What it means: As front-end experiences become increasingly dynamic and data-rich, customer-facing interfaces assemble personalized offerings on-the-fly. Traditional distinctions between channel and product blur and potentially disappear.’
Agentic Twins Centralize Identity and Delegated Authority
Today, customer data remains fragmented and replicated across many services and products people use. Despite promises of Assistance Economies and agentic architectures, customers still manually provide data from multiple sources and manage credentials across accounts. Each bank holds customer representations that are incomplete and often outdated, creating inefficiencies and missed opportunities.
What will change: Agentic twins will be owned by individuals as single, protective keepers of aggregated personal information and digital identity, acting only under explicit, predefined permissions granted by owners. Over time, agentic twin authority will extend from routine tasks to complex decision-making—controlling access permissions, selecting products and services, and interfacing with all providers individuals choose. For service providers including banks, this model enables richer, content-driven insights and faster interactions by replacing inefficient data chasing with permissioned collaboration with people’s agentic twins.
Eight Strategic Imperatives for Financial Services Leaders
To secure continued competitive positions in this transformative landscape, banks and fintechs should focus on eight critical actions, according to Oliver Wyman.
The first three actions center on delighting customers, delivering value, and scaling implementations. Organizations must be present in the first new channel since mobile apps by exposing and embedding existing products in new chat-based channels and piloting highly tailored customer journeys, measuring outcomes and rapidly iterating experiences. They should experiment with dynamic experiences by testing adaptive experience rollouts with controlled human validation before iteration, measuring customer outcomes including uptake and product satisfaction while dynamically adjusting.
The next three actions anchor trust foundations. Organizations must embed digital identity by integrating Open Banking and digital identity for secure, transparent data sharing and agent authentication while ensuring alignment with interoperability protocols.

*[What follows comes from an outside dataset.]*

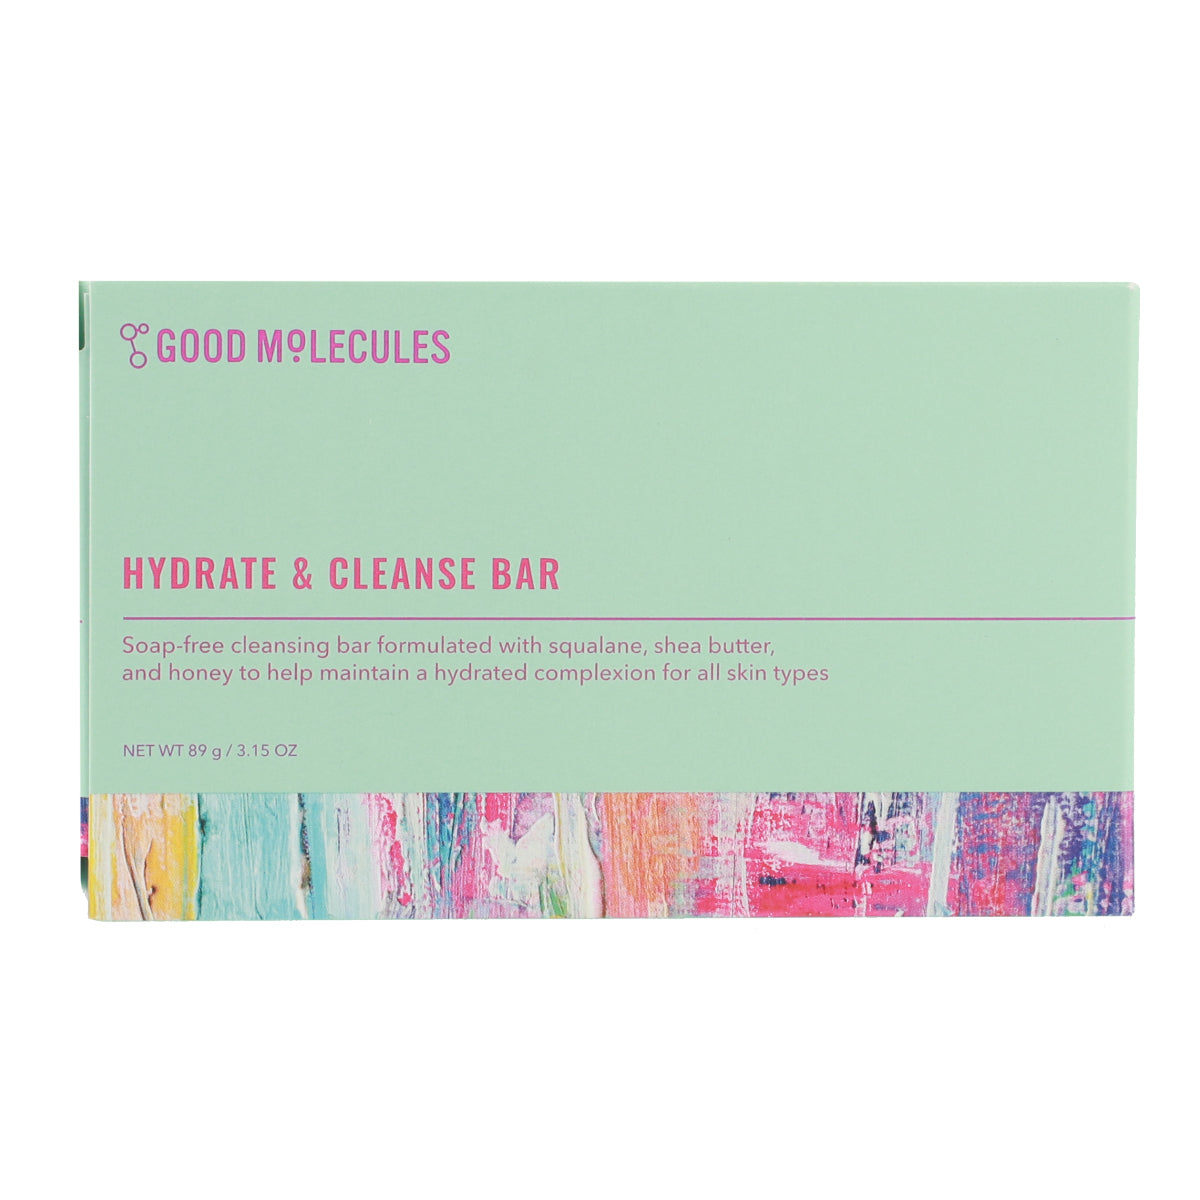 Hydrate & Cleanse Bar
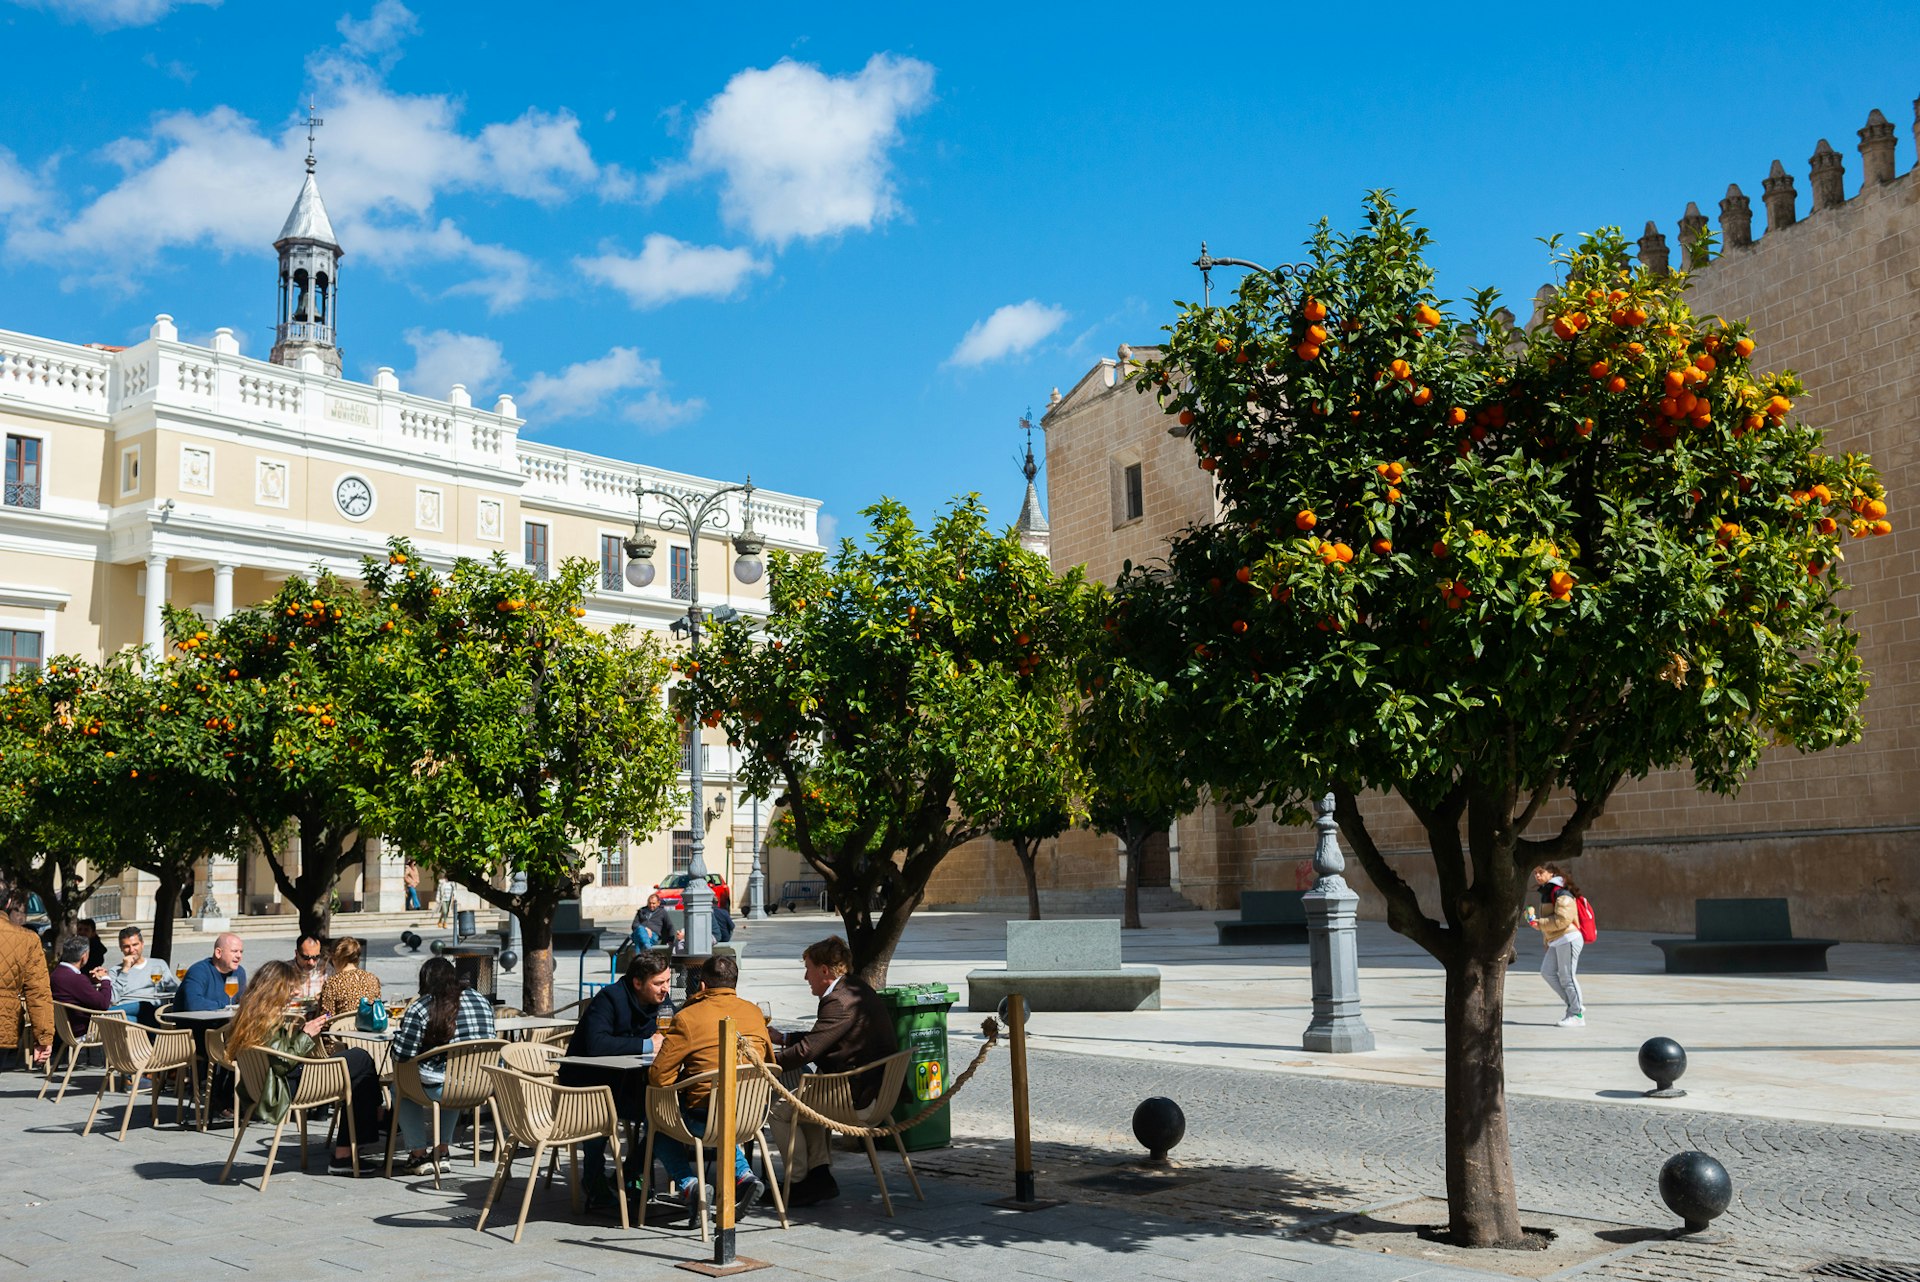 People dining outdoors at Plaza de España, Badajoz, Spain

The final two actions build core infrastructure foundations. Evolving data foundations requires establishing robust data pipelines empowering AI agents to anticipate and serve customer needs, addressing siloed and unstructured data while leveraging partnerships and Open Finance to broaden data access. Building effective analytics layers demands creating analytical capability to use customer and clickstream data for delivery of timely, relevant experiences or propositions while implementing feedback loops to maintain insight accuracy and relevance.